It is clear that a direct experimental measurement of the chemical and dynamic nature of the active sites of these enzymes, including the behaviour of nearby water molecules, will shed vital new light on some of these important issues. In particular, comparisons between catalase and peroxidase will be instructive in seeking the reasons for their different functionalities. Recently, 2D-IR experiments on ferric catalase revealed a structurally and dynamically constricted active site that is unusual in comparison to other haem proteins.25 In conjunction with X-ray crystallography, the relative structural rigidity was ascribed to the presence of a conserved water network surrounding the haem group, one of which (W1) was suggested to interact directly with nitric oxide bound to the ferric haem centre.25 To date, direct measurements of equilibrium ultrafast structural or water dynamics are not available for any peroxidase in its biologically-active ferric state. A 2D-IR study of the ferrous carbonmonoxy form of HRP was reported, though no contribution from water to the dynamic measurements was indicated.37 Ligand rebinding studies of NO to HRP following UV-visible wavelength photolysis have been carried out.38 These were consistent with a solvent-accessible active site.
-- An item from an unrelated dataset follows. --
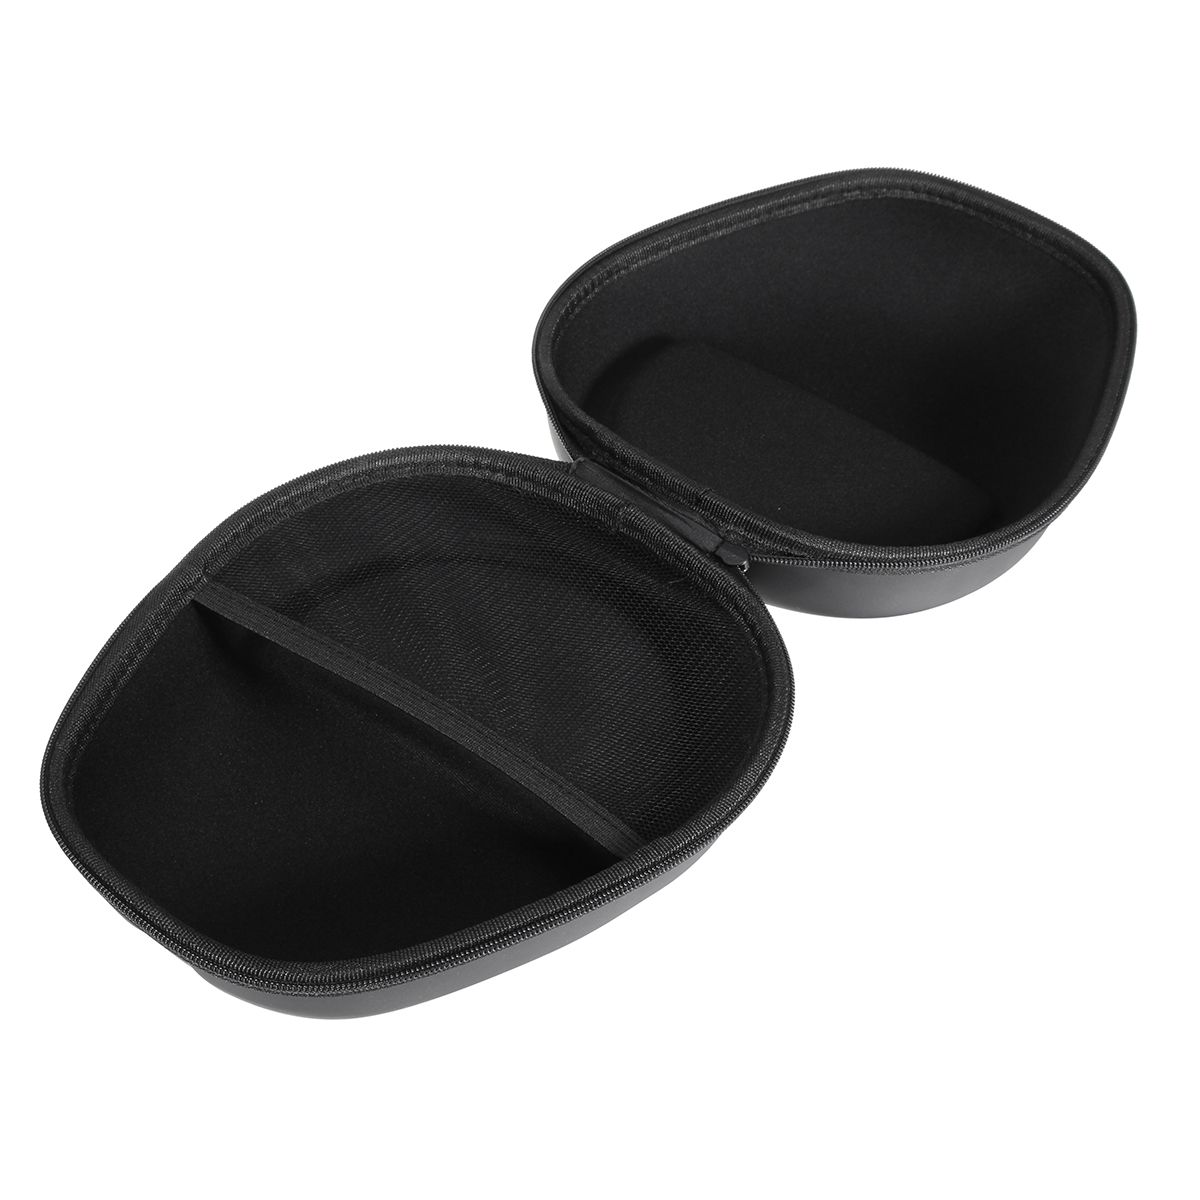 Portable-EVA-Carrying-Hard-Case-Bag-Storage-Box-for-Earphone-Headphone-Headset-1534038
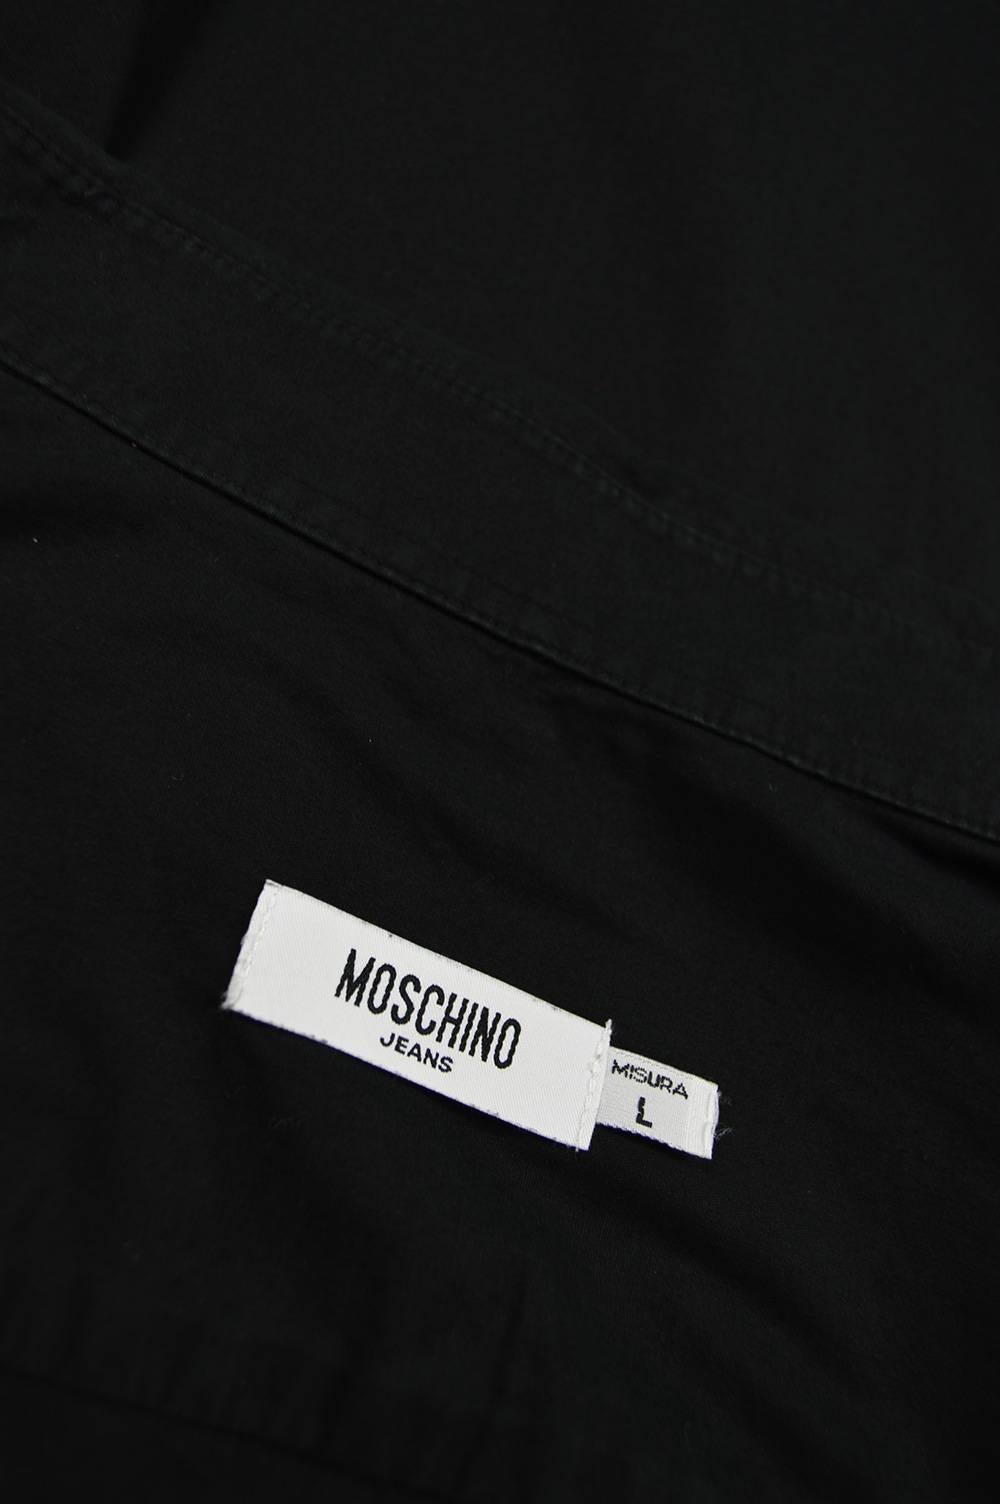 Moschino Men's Black Cotton Playing Card Short Sleeve Shirt, 1990s 5

Here, we report ultrafast 2D-IR and IR pump–probe measurements of the structural dynamics and the vibrational lifetime of NO bound to the ferric haem of catalase and HRP in both H2O and D2O solvents in order to conclusively determine the nature of the interaction between the haem ligand and the active site architecture. In addition to isotope dependence of the dynamics in both enzymes, these results reveal the presence of coherent motions in the catalase active site that couple to the haem ligand stretching motion and which may be pivotal to the enzymatic mechanism.


FTIR spectroscopy

Nitrosylation of ferric catalase in H2O (hereafter referred to as ‘aqueous’) solvent led to the observation of a new band in the infrared absorption spectrum, located at 1881.1 cm−1, which could be well-represented by a single Gaussian lineshape function with a full width half maximum (FWHM) of 7.8 cm−1 (see Fig. S1(A and B) ESI). This is consistent with previous studies that assigned this peak to the NO stretching vibration (νNO) of nitric oxide bound to the iron atom of the haem group.25 When a D2O (deuterated) solvent was used, neither the frequency nor FWHM of this absorption was observed to change significantly, yielding a frequency of 1881.0 cm−1 and a width of 7.3 cm−1.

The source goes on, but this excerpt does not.